Kafka CRUD (Create, Read, Update, Delete)

One of the most common operations when using kafka is managing topics. This guide will show you how to do some of these tasks. These are just short examples to help you get the commands and concepts right. There is extensive documentations available if you want to dive deeper.

Requirements

To save yourself some time when working with Kafka, it can be handy to store the broker list and zookeeper lists in envrionment variables as indicated in the documentation above. We will refer to the strings by their variables in this document to make reading the document easier, and to allow you to copy/paste commands that work for your envrionment easily.

You will be using the kafka command line utilies for these actions.
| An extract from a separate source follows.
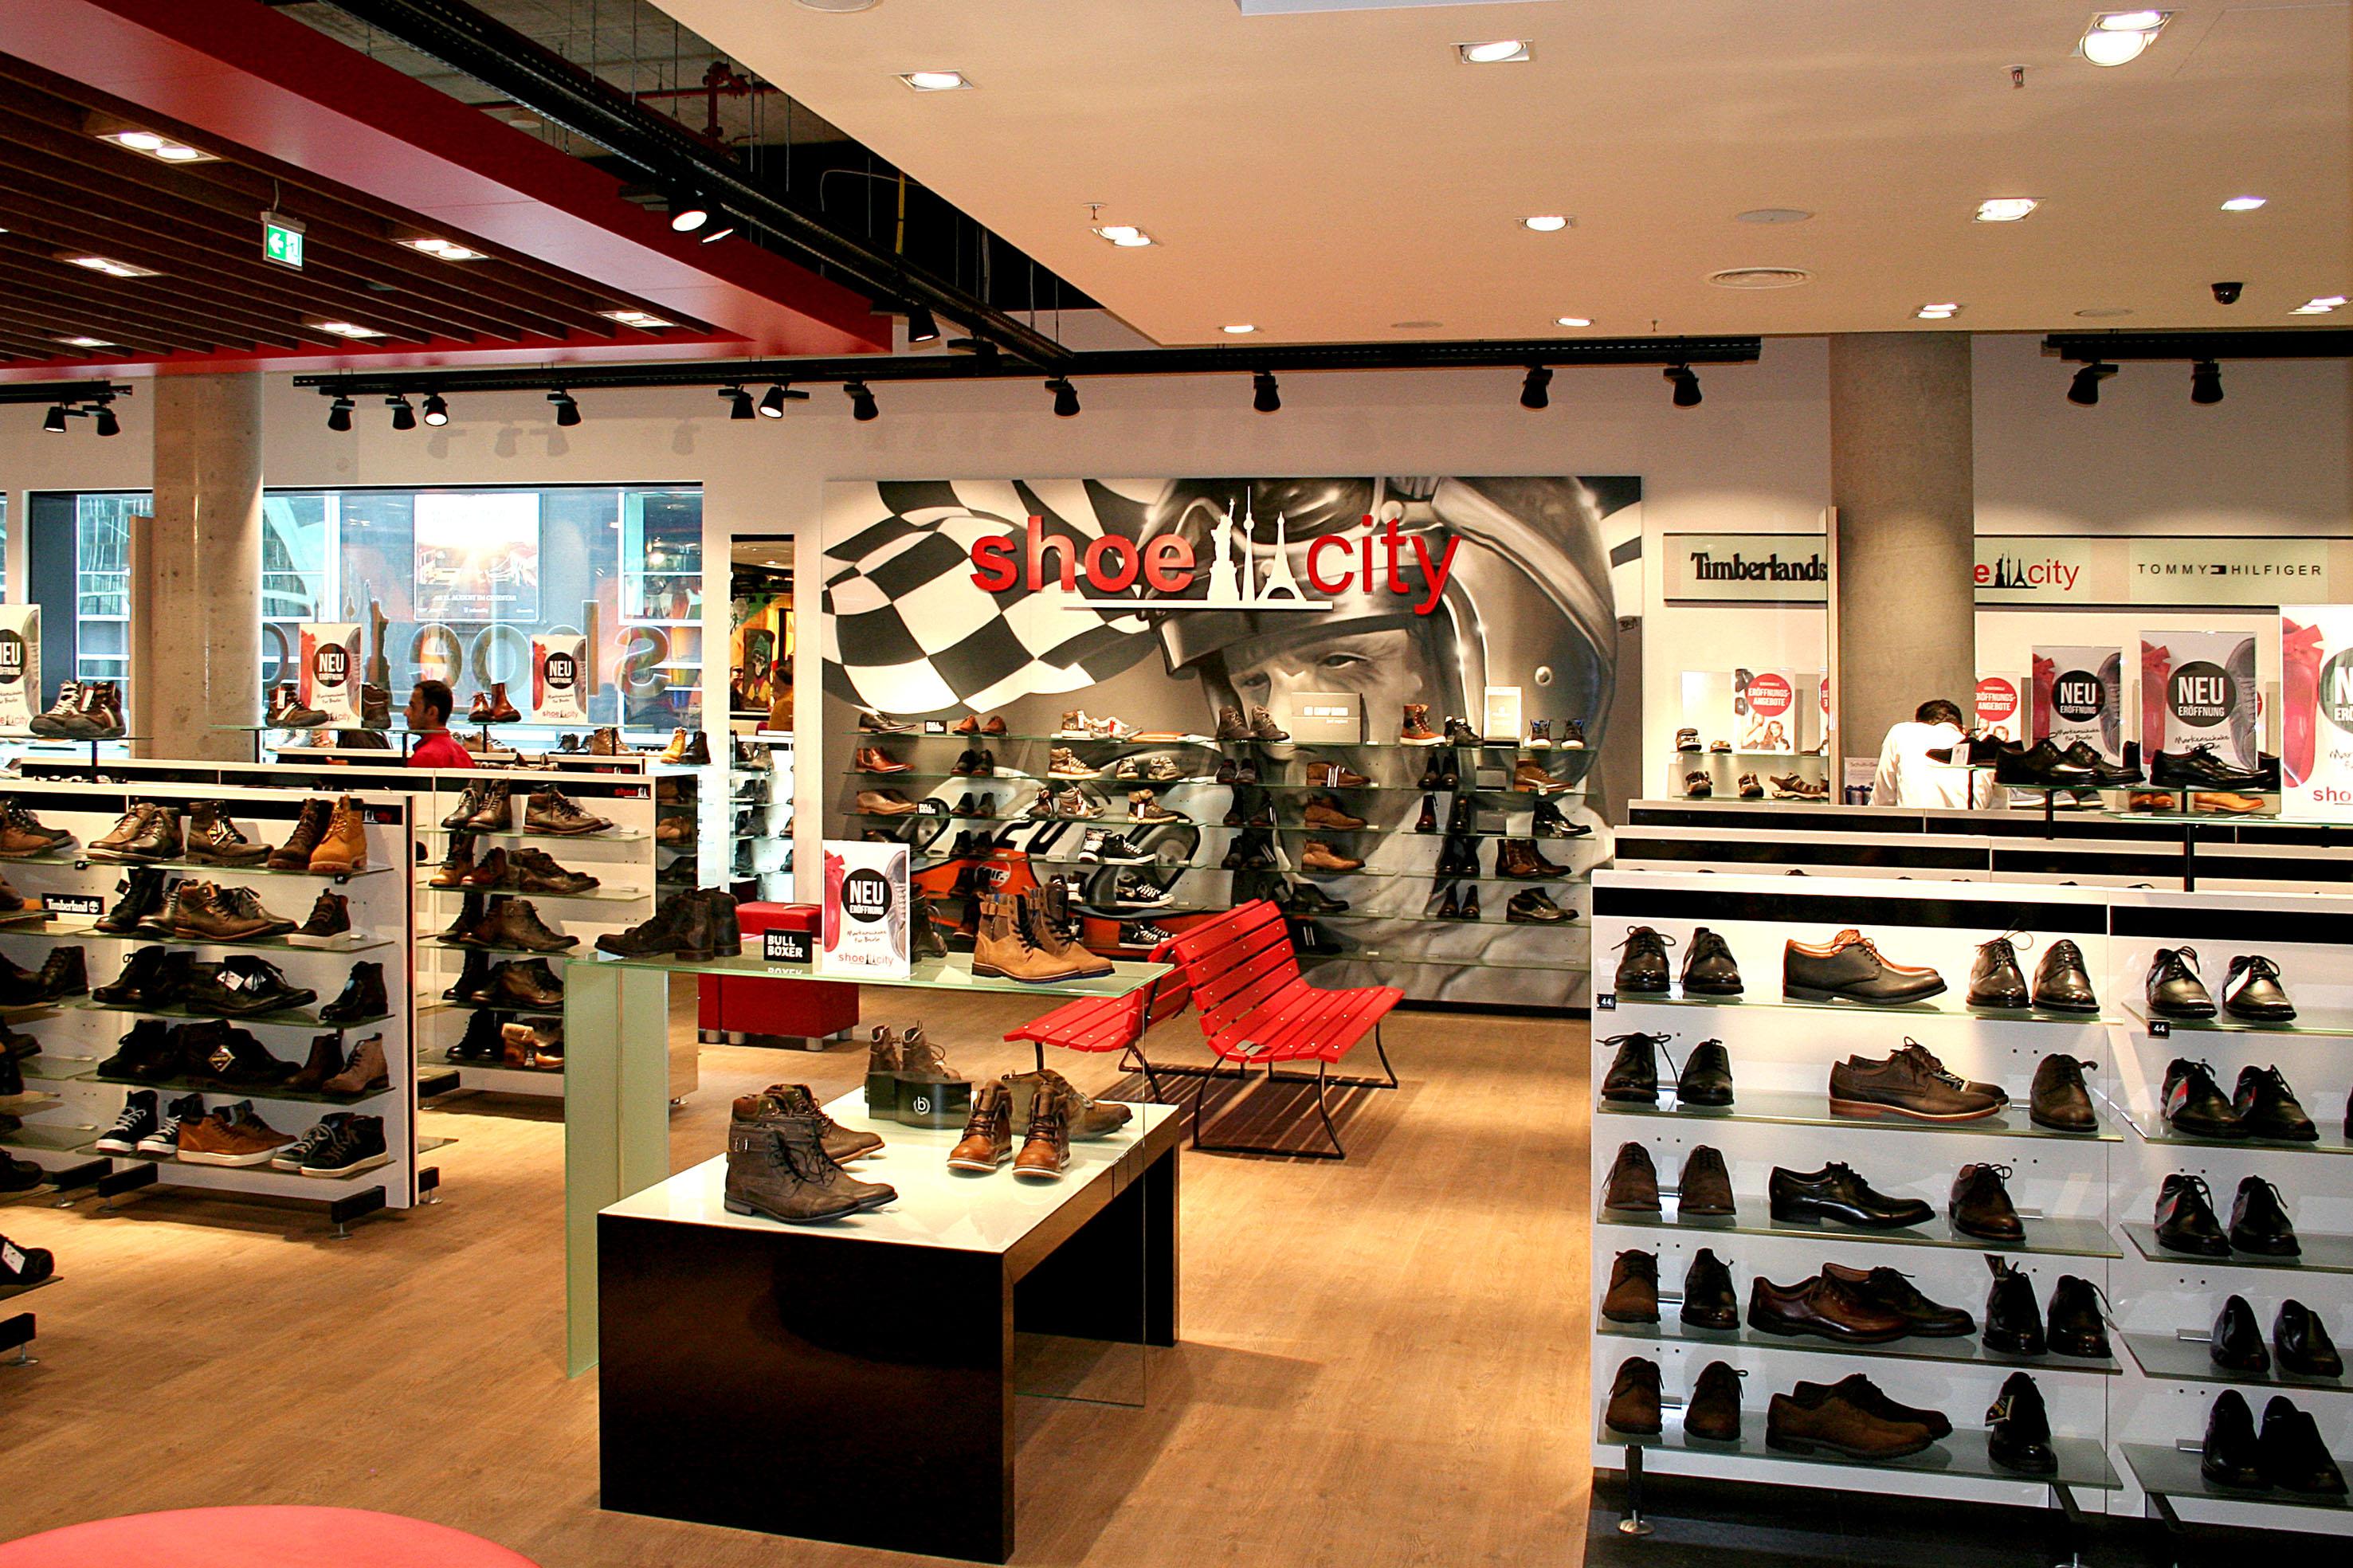 Shoe City Alexanderplatz Shoes (Retail) in Berlin (address
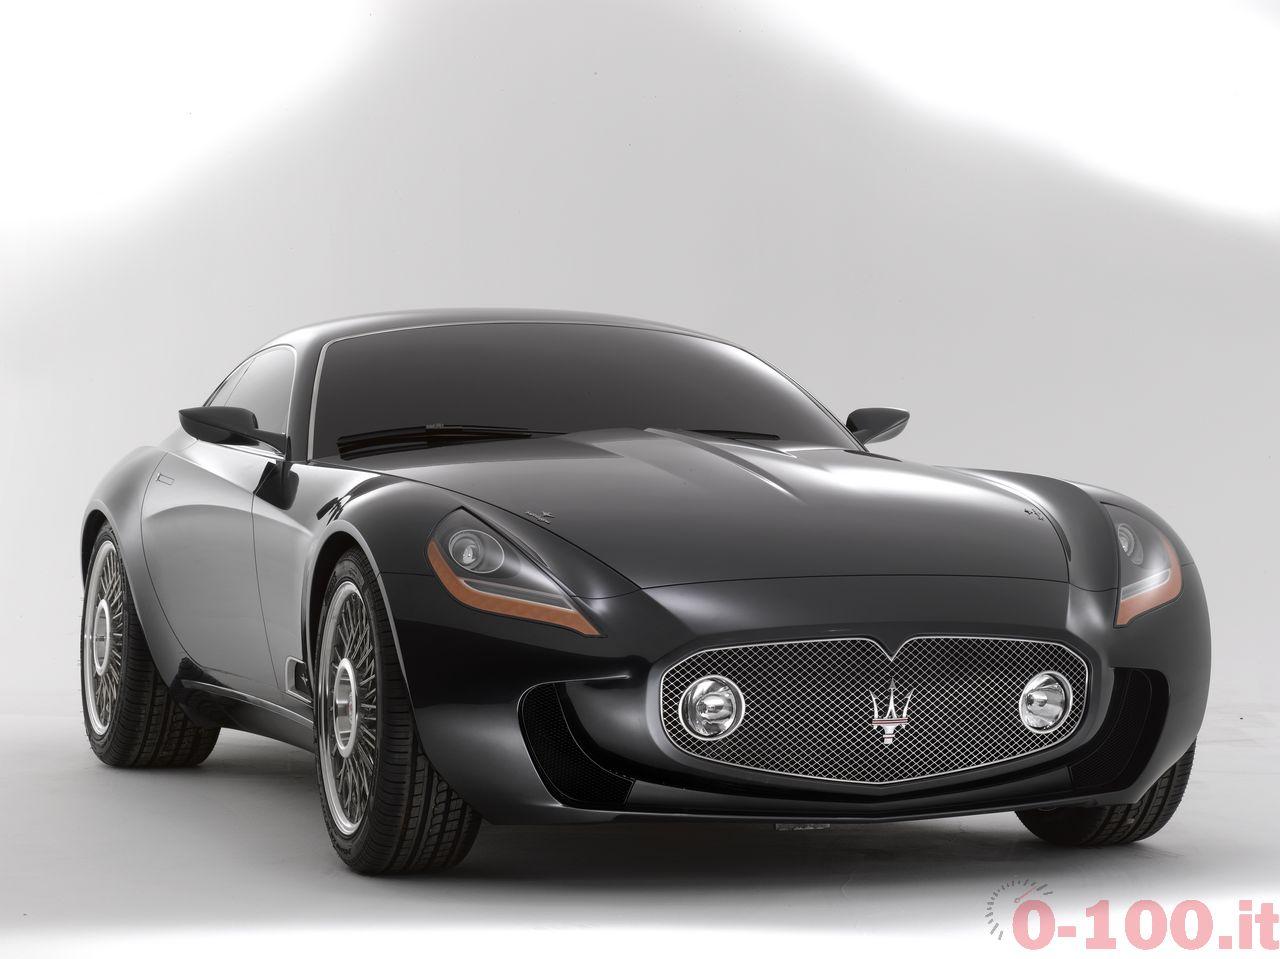 maserati-a8-gcs-touring-superleggera-carrozzeria-0-100_2

This is different than the AWS CLI tools (ie: aws kafka …). If you’re using the KafkaClientInstance, these tools will be in /home/ec2-user/kafka/bin.

Sometimes if you’re using examples off the internet, they example may or may not include the .sh extensions. As the kafka utilities have gone through revisions through the years the names of the tools have changed. If you’re ever confused when trying to work out a command, try adding or removing the .sh extension.

Common operations

This section assumes you’re familiar with the nomenclature of Kafka.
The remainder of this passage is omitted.